该模块主要的类有CookieJar（cookie只能存储在内存中）、FileCookieJar（cookie可以存储在文件中,由CookieJar派生来）、MozillaCookieJar、LWPCookieJar，其中MozillaCookieJar和LWPCookieJar继承自FileCookieJar，两者很类似。

通过登录方式动态获取cookie，访问大鹏人人网首页

from urllib import request
from urllib import parse
from http.cookiejar import CookieJar

# 1、登录
# 1.1 创建一个cookiejar对象
cookiejar = CookieJar()
# 1.2 使用cookiejar创建一个HTTPCookieProcess对象
handler=request.HTTPCookieProcessor(cookiejar)
# 1.3 使用上一步创建的handler创建一个opener
opener = request.build_opener(handler)
# 1.4 使用opener发送登录的请求（人人网的邮箱和密码）
headers = {
'User-Agent':"Mozilla/5.0 (Windows NT 10.0; Win64; x64) AppleWebKit/537.36 (KHTML, like Gecko) Chrome/70.0.3538.67 Safari/537.36"  
#在火狐浏览器中由于字符太长，省略中间信息，导致复制了(...)，最终报错：UnicodeEncodeError: 'latin-1' codec can't encode character '\u2026' in position 30: ordinal not in range(256)，解决办法：在chrome中的请求头中复制该信息
}
data={
'email':"15116475571",
'password':"caiyijunxpy"
}
login_url = "http://www.renren.com/PLogin.do"  # 地址错误报：HTTPError: /sysHome
req=request.Request(login_url,data=parse.urlencode(data).encode('utf-8'),headers=headers)
opener.open(req)
 # 2 访问个人主页
 dapeng_url = "http://www.renren.com/880151247/profile"
 req = request.Request(dapeng_url,headers=headers)
 resp = opener.open(req)
 with open('dapeng.html','w',encoding='utf-8') as f:
     f.write(resp.read().decode('utf-8'))

将上面代码写成函数显示

from urllib import request
from urllib import parse
from http.cookiejar import CookieJar

   headers = {
    'User-Agent':"Mozilla/5.0 (Windows NT 10.0; Win64; x64) AppleWebKit/537.36 (KHTML, like Gecko) Chrome/70.0.3538.67 Safari/537.36"  
    #在火狐浏览器中由于字符太长，省略中间信息，导致复制了(...)，最终报错：UnicodeEncodeError: 'latin-1' codec can't encode character '\u2026' in position 30: ordinal not in range(256)，解决办法：在chrome中的请求头中复制该信息
}

def get_opener():
    # 1、登录
    # 1.1 创建一个cookiejar对象
    cookiejar = CookieJar()
    # 1.2 使用cookiejar创建一个HTTPCookieProcessor对象
    handler=request.HTTPCookieProcessor(cookiejar)
    # 1.3 使用上一步创建的handler创建一个opener
    opener = request.build_opener(handler)
    return opener

def login_renren(opener):
    # 1.4 使用opener发送登录的请求（人人网的邮箱和密码）
 
    data={
'email':"15116475571",
'password':"caiyijunxpy"
}
    login_url = "http://www.renren.com/PLogin.do"  # 地址错误报：HTTPError: /sysHome
    req=request.Request(login_url,data=parse.urlencode(data).encode('utf-8'),headers=headers)
    opener.open(req)

def visit_profile(opener):
     # 2 访问个人主页
     dapeng_url = "http://www.renren.com/880151247/profile"
     req = request.Request(dapeng_url,headers=headers)
     resp = opener.open(req)
     # 自动新建的dapeng.html，打开显示大鹏的主页 
     with open('dapeng.html','w',encoding='utf-8') as f:
         f.write(resp.read().decode('utf-8'))

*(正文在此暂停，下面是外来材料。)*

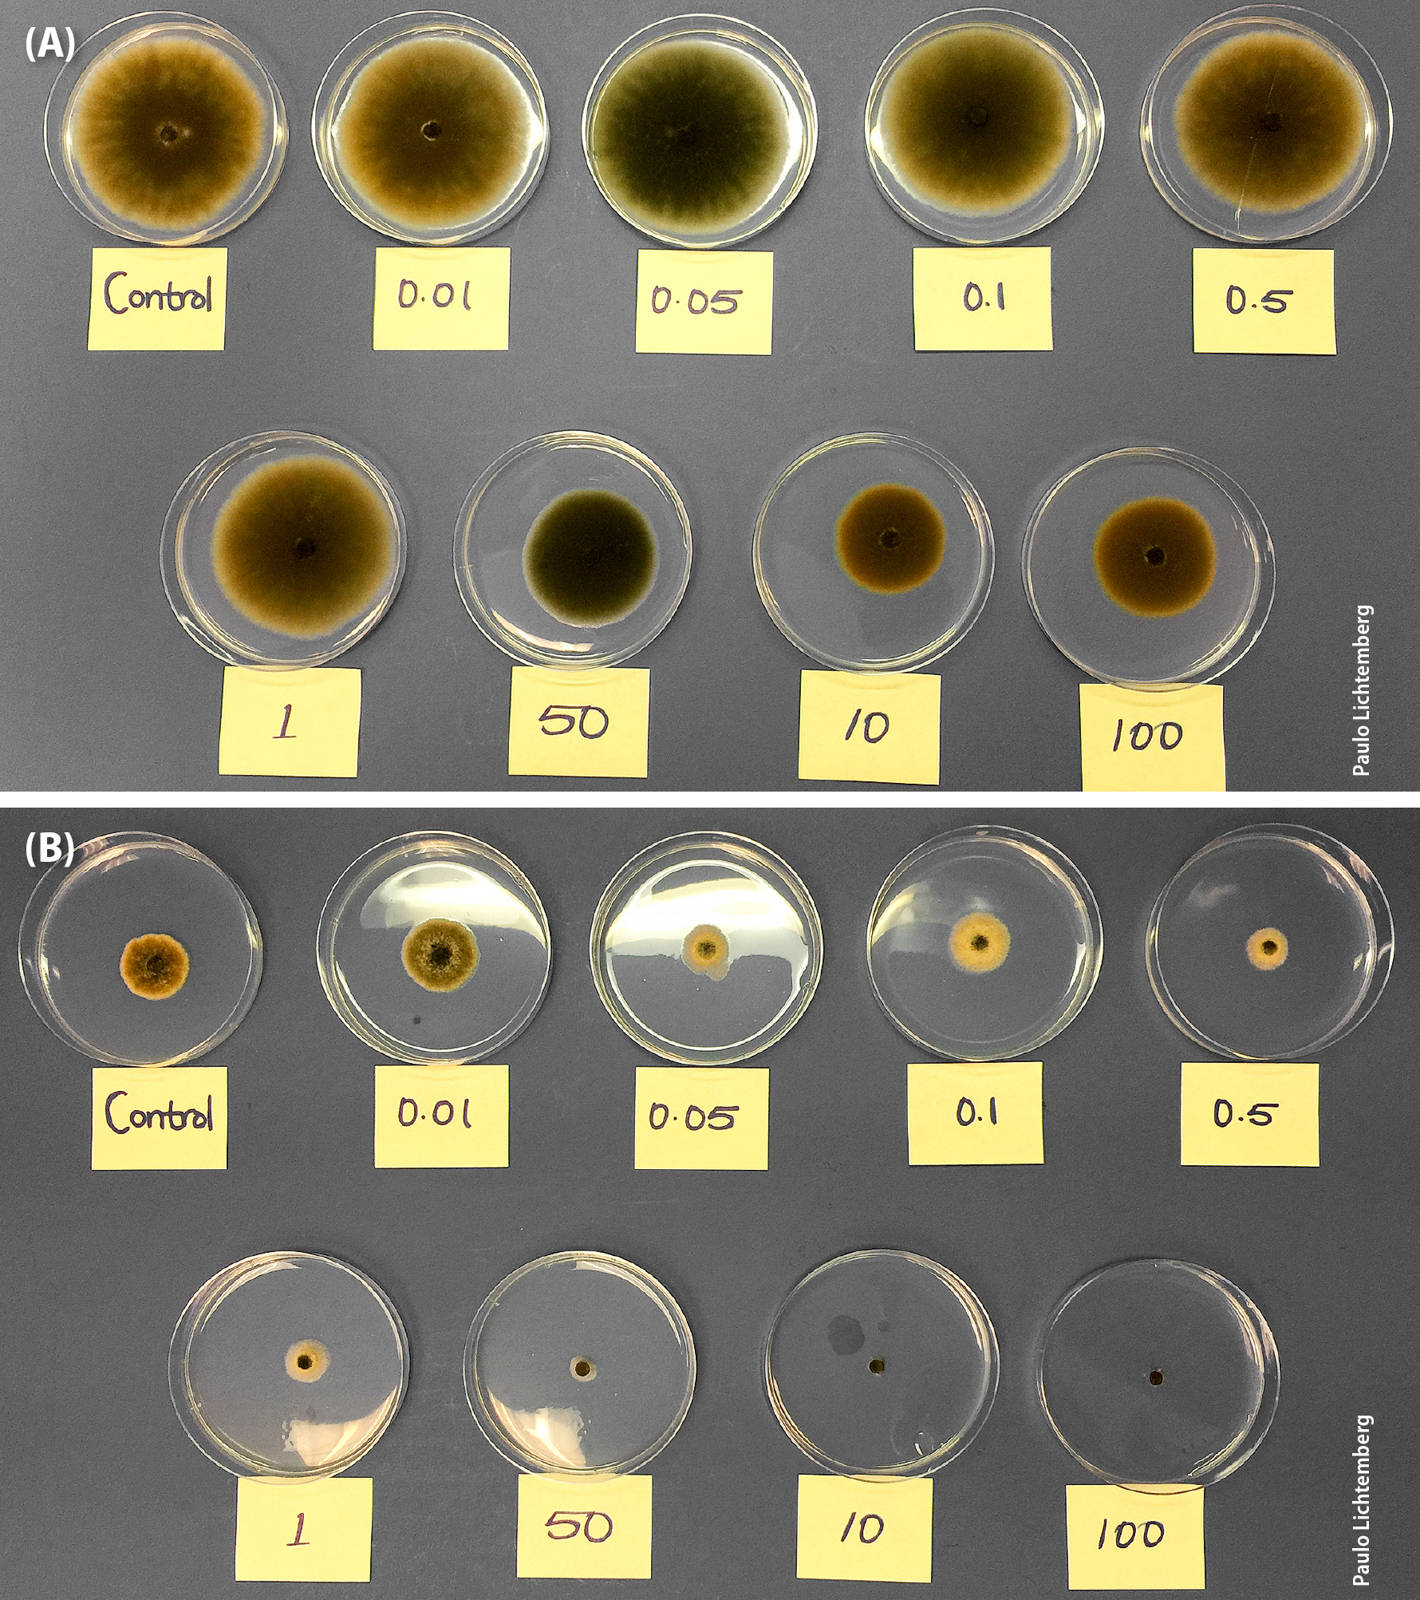 Alternaria alternata fungicide sensitivity assay showing the mycelial inhibition of a resistant (A) and sensitive (B) isolate.

if __name__ == '__main__':
    opener =get_opener()
    login_renren(opener)
    visit_profile(opener)

保存cookie

from urllib import request
from http.cookiejar import MozillaCookieJar

cookiejar = MozillaCookieJar('cookie.txt')
handler=request.HTTPCookieProcessor(cookiejar)
opener=request.build_opener(handler)

req=opener.open('http://httpbin.org/cookies')
cookiejar.save(ignore_discard=True) #程序运行完后cookie信息会过期

加载cookie

from urllib import request
from http.cookiejar import MozillaCookieJar

cookiejar = MozillaCookieJar('cookie.txt')
cookiejar.load(ignore_discard=True) 
handler=request.HTTPCookieProcessor(cookiejar)
opener=request.build_opener(handler)

req=opener.open('http://httpbin.org/cookies')
for cookie in cookiejar:
    print(cookie)

requests库

response.text和response.content的区别
1.response.content:这是直接从网络上抓取的数据，没有经过任何解码，是个bytes类型。在硬盘和网络上传输的字符串都是bytes类型。
2.response.text:这个是str数据类型，是requests库将response.content进行解码的字符串。解码需要指定一个编码方式，requests会根据自己的猜测判断编码方式，但有时可能会出错，导致解码产生乱码，此时应该使用response.content.decode(‘utf-8’)进行手动解码

import requests

data={
'first':"true",
'pn':'1',
'kd':'python'
}
headers={
'Referer':'https://www.lagou.com/jobs/list_python?labelWords=&fromSearch=true&suginput='
'User-Agent':"Mozilla/5.0 (Windows NT 10.0; Win64; x64) AppleWebKit/537.36 (KHTML, like Gecko) Chrome/70.0.3538.67 Safari/537.36"  
}

response=requests.post("https://www.lagou.com/jobs/positionAjax.json?needAddtionalResult=false",data=data,headers=headers)
print(response.json())

反爬虫机制提示：{'status': False, 'msg': '您操作太频繁,请稍后再访问', 'clientIp': '218.104.146.110', 'state': 2402}

requests处理cookie信息

之前使用urllib库可以使用opener发送多个请求，多个请求之间可以共享cookie。如果使用requests，共享cookie，可以使用session对象。

import requests

url = "http://www.renren.com/PLogin.do"  
data={
'email':"15116475571",
'password':"caiyijunxpy"
}
headers={'User-Agent':"Mozilla/5.0 (Windows NT 10.0; Win64; x64) AppleWebKit/537.36 (KHTML, like Gecko) Chrome/70.0.3538.67 Safari/537.36"  }

session =requests.Session()
session =post(url,data=data,headers=headers)
res=Session.get("http://www.renren.com/880151247/profile")
with open('dapeng.html','w',encoding="utf-8") as f:
    f.write(res.text)

处理不信任的SSL证书

res=requests.get('http://12306.cn/mormhweb/',verify=False)
print(res.content.decode('utf-8')